Mission San Diego de Alcalá

The Mission San Diego de Alcalá is the first of the many missions for which California is famous and is known today as the birthplace of California Christianity.  The first church in California, the mission began with a group of Spanish missionaries in 1769. Founded by Blessed Father Junipero Serra the mission proposed to serve Native Americans of the area. The Native Americans, which the mission proposed to serve, were wary initially at the newcomers.
The initial mission structure was built close to the water. Later, the mission would construct a more permanent structure inland, about 5 miles away. The new structured was demolished in an attack by native Americas and the mission was moved back inland some years later. Mission San Diego de Alcalá and church of today were completed by the early 1800’s.
The Mission San Diego de Alcalá is the first of more than twenty such mission build by the Spanish to serve the Native Americans. The Native Americans have been called by different names throughout history. Originally known as Kumeyaay and Yuma, they were later called Mission Indians or Diegueno. The Kumeyaay were a nomadic group who had never seen cloth until the missionaries arrived.

In 1976, Pope Paul VI designates the Mission San Diego de Alcalá   as a Minor Basilica. The mission today is an active Diocese of San Diego parish. The mission housed many of the Native Americans, who lived and worked at the mission and grew crops including; corn, barley and grapes. Cattle and sheep in addition to horses were also raised on the mission compound.
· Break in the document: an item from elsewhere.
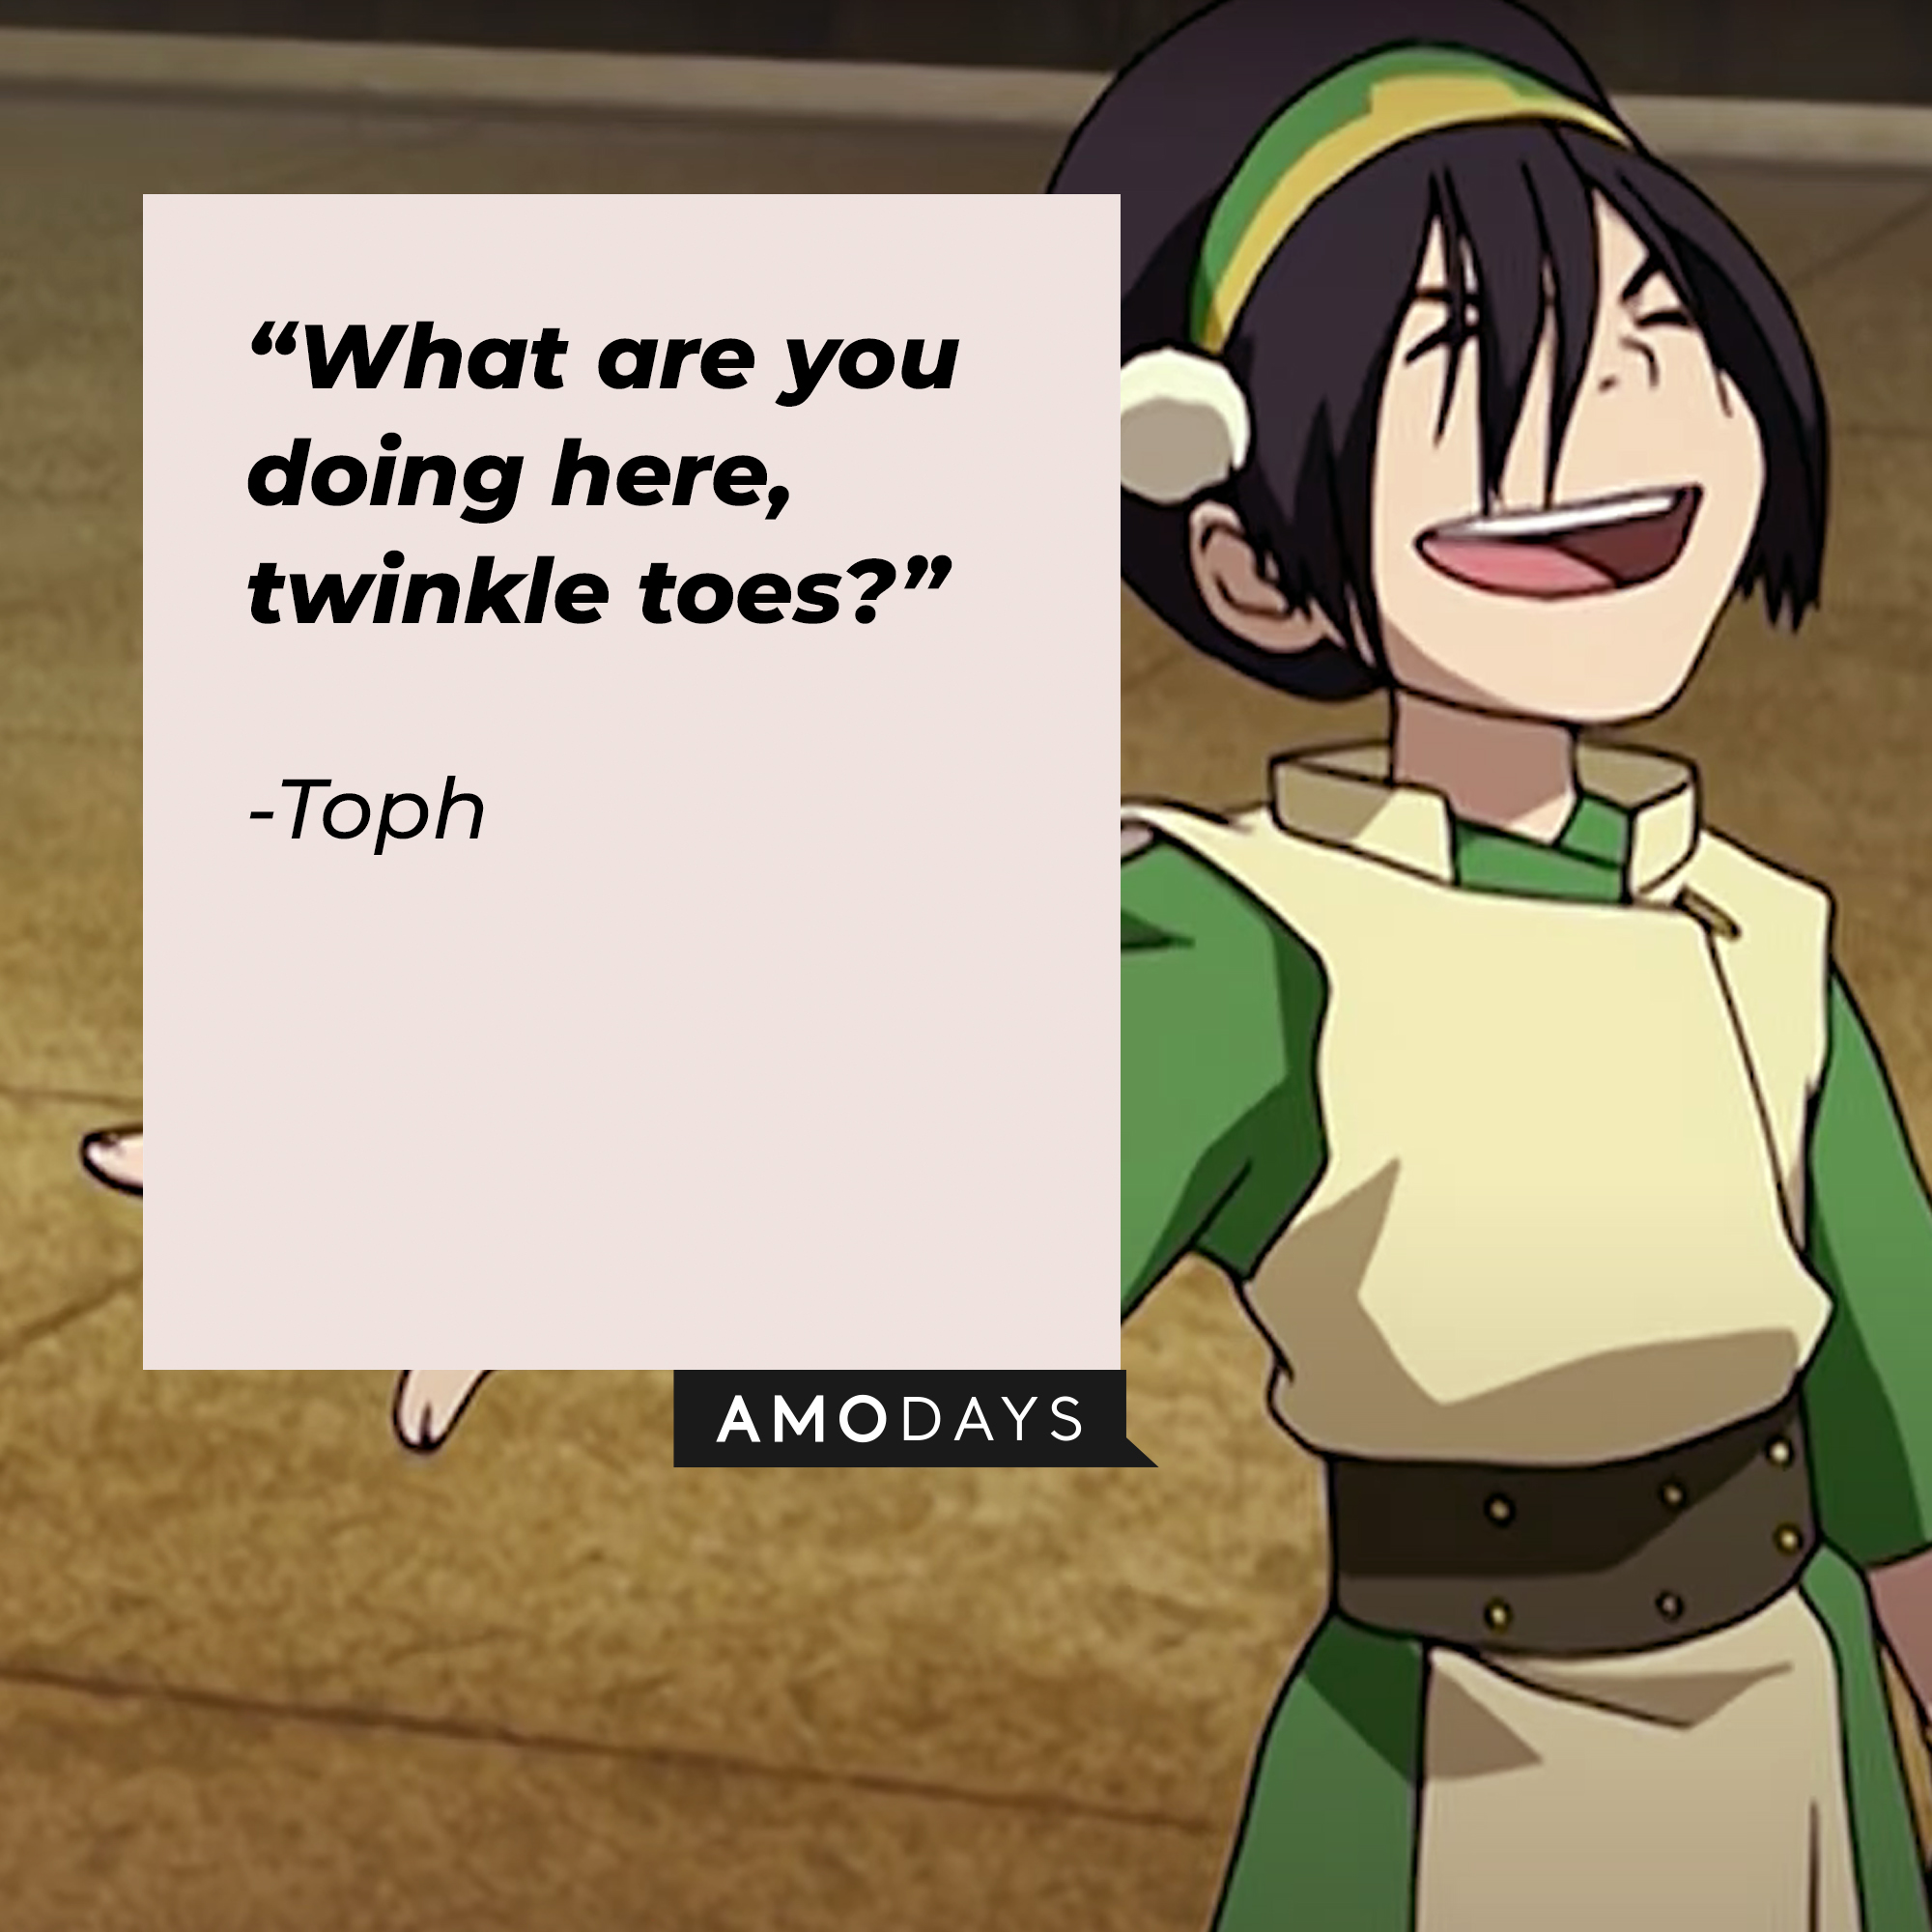 Toph's quote: “What are you doing here, twinkle toes?” | Source: youtube.com/TeamAvatar

In the late 1700’s, the mission began to construct a system of aqueducts to bring water to the area and assure successful farming. This was the first irrigation project in this region of California.
When California became part of the Untied States, the mission was used for military purposes and then in 1863, President Lincoln gave all of the mission properties to the Roman Catholic Church. At that time The Mission San Diego de Alcalá was in ruins. Restoration of the mission began in the late 1800’s. In 1900, the land Marks Club of California provided funding, along with other organizations to restore the mission. They worked with local architects to begin stabilizing the mission buildings.
Originally build with adobe, the mission buildings were reinforced with concrete during this time in an attempt to add stability and strength.  One of the most famous elements of the mission in the Bell Tower. Today’s Bell Tower has one of the original bells form the early mission. When the Bell Tower was originally constructed it had a central function to the operation of the mission, as clocks were not yet part of everyday life.  Bells were used to signal time for gather for meals, church work and other functions.
These restoration efforts were followed by work from other civic groups and school who viewed the mission as historical landmarks and were committed to painstaking and accurate preservation.  The restoration was wrought with financial problems and was not completed until the 1940’s at which time the church became an active parish. Today the mission serves also as a place of historical display and entertains frequent visitors. The site provides the history of both the Native American in the region and the European influence.
References
The California Mission Site. Ed. The Civic Group. 24 Sept. 1998.
Bevil, Alexander D. The Sacred and the profane: The Restoration of Mission San Diego de Alcala. The Journal of San Diego History, Summer 1992, Volume 38, Number 3.